Exercise brief: Transcribe the stretch of entries below from the line with "Hollande declara estado" through the line with "[台湾女神] 张雅筑chu 《板橋車站圣诞节外拍》 写真集10", exactly and with both ends included; leave out all other lines.
*** Data to process ***
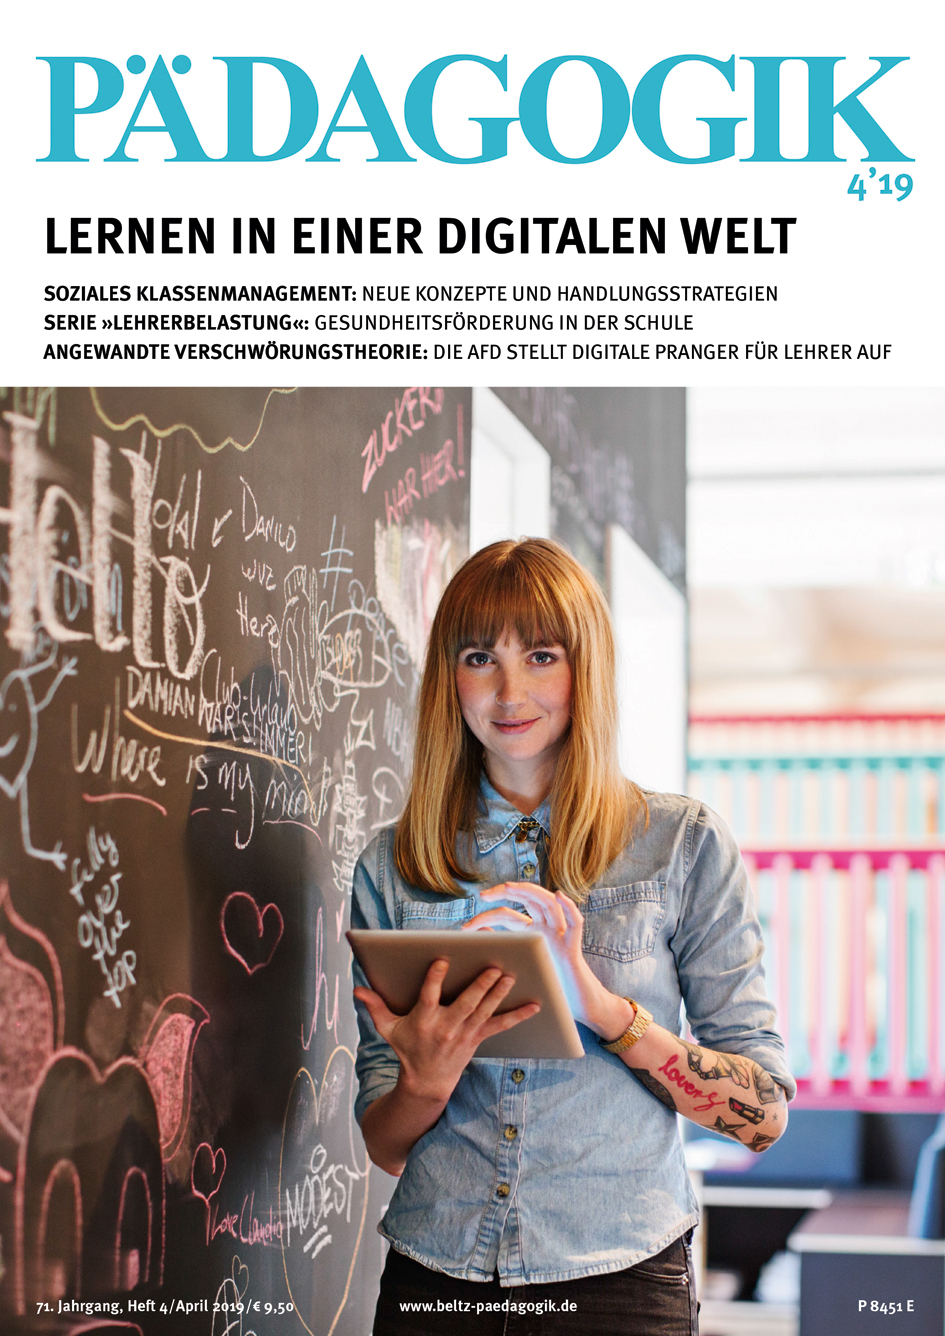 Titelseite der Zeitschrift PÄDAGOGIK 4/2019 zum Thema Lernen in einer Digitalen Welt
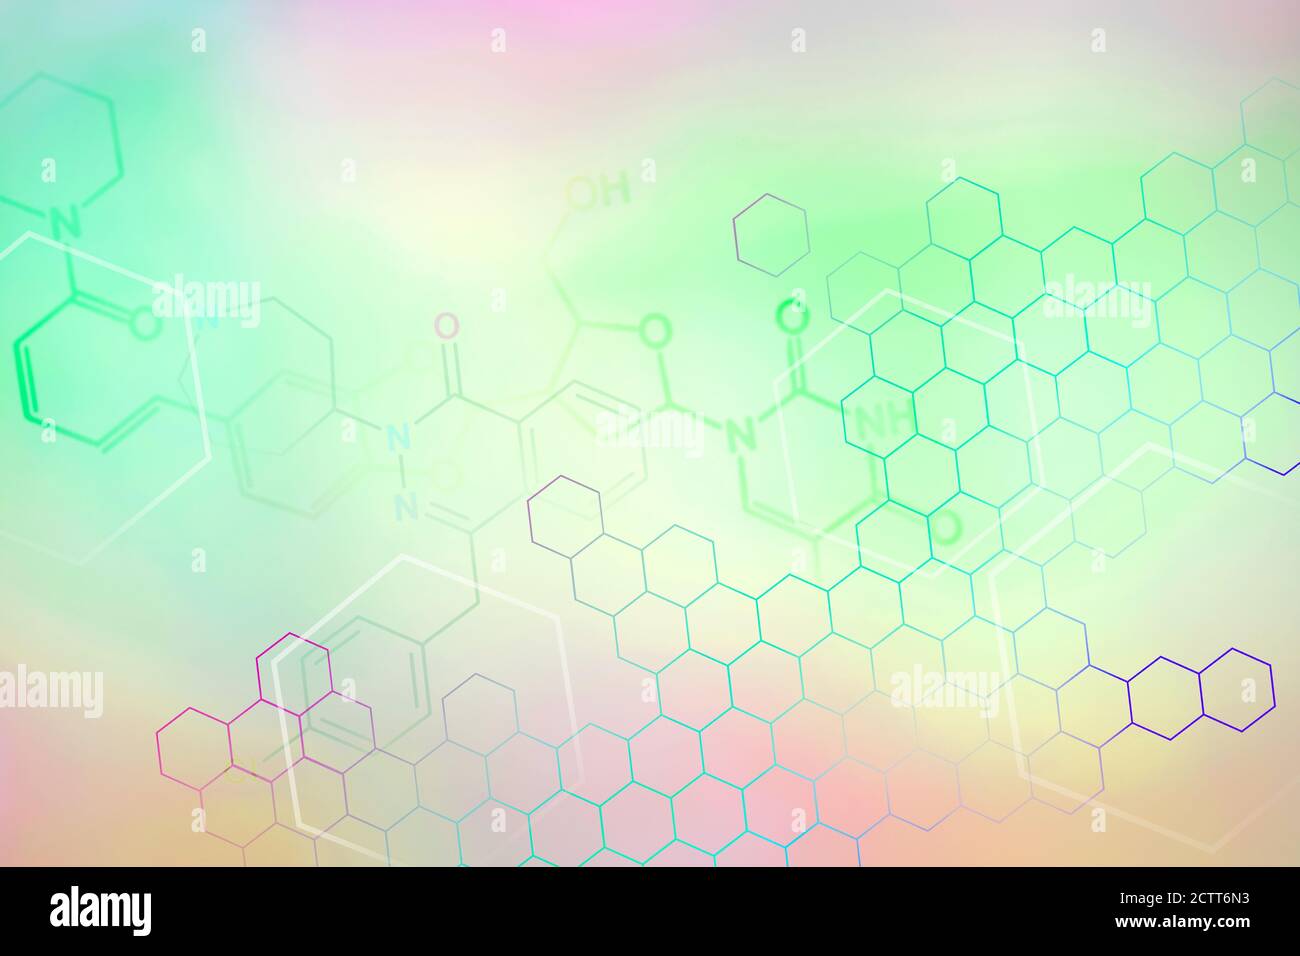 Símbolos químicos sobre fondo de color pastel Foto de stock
*** End of Data to process ***
*** Data to process ***
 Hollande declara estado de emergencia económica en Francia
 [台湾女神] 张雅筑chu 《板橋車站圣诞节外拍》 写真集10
*** End of Data to process ***
*** Data to process ***
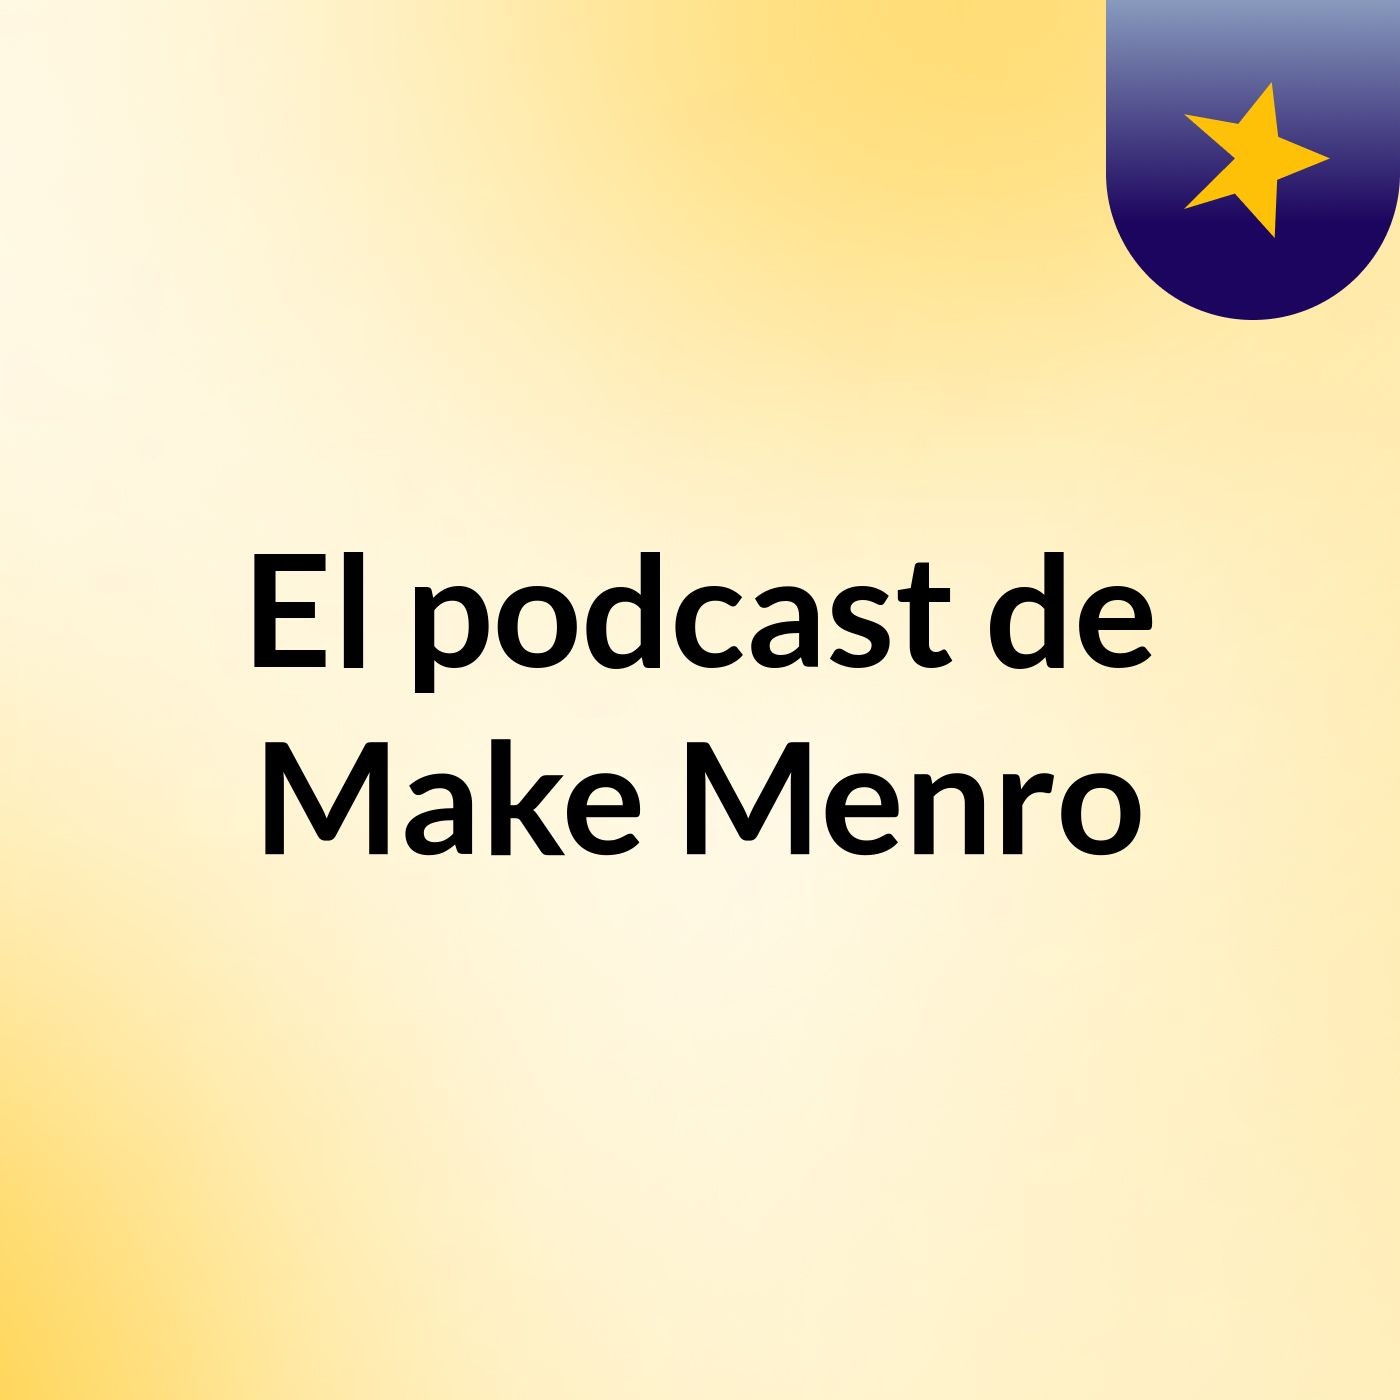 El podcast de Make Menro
*** End of Data to process ***
Task result:
 Hollande declara estado de emergencia económica en Francia
 [台湾女神] 张雅筑chu 《板橋車站圣诞节外拍》 写真集10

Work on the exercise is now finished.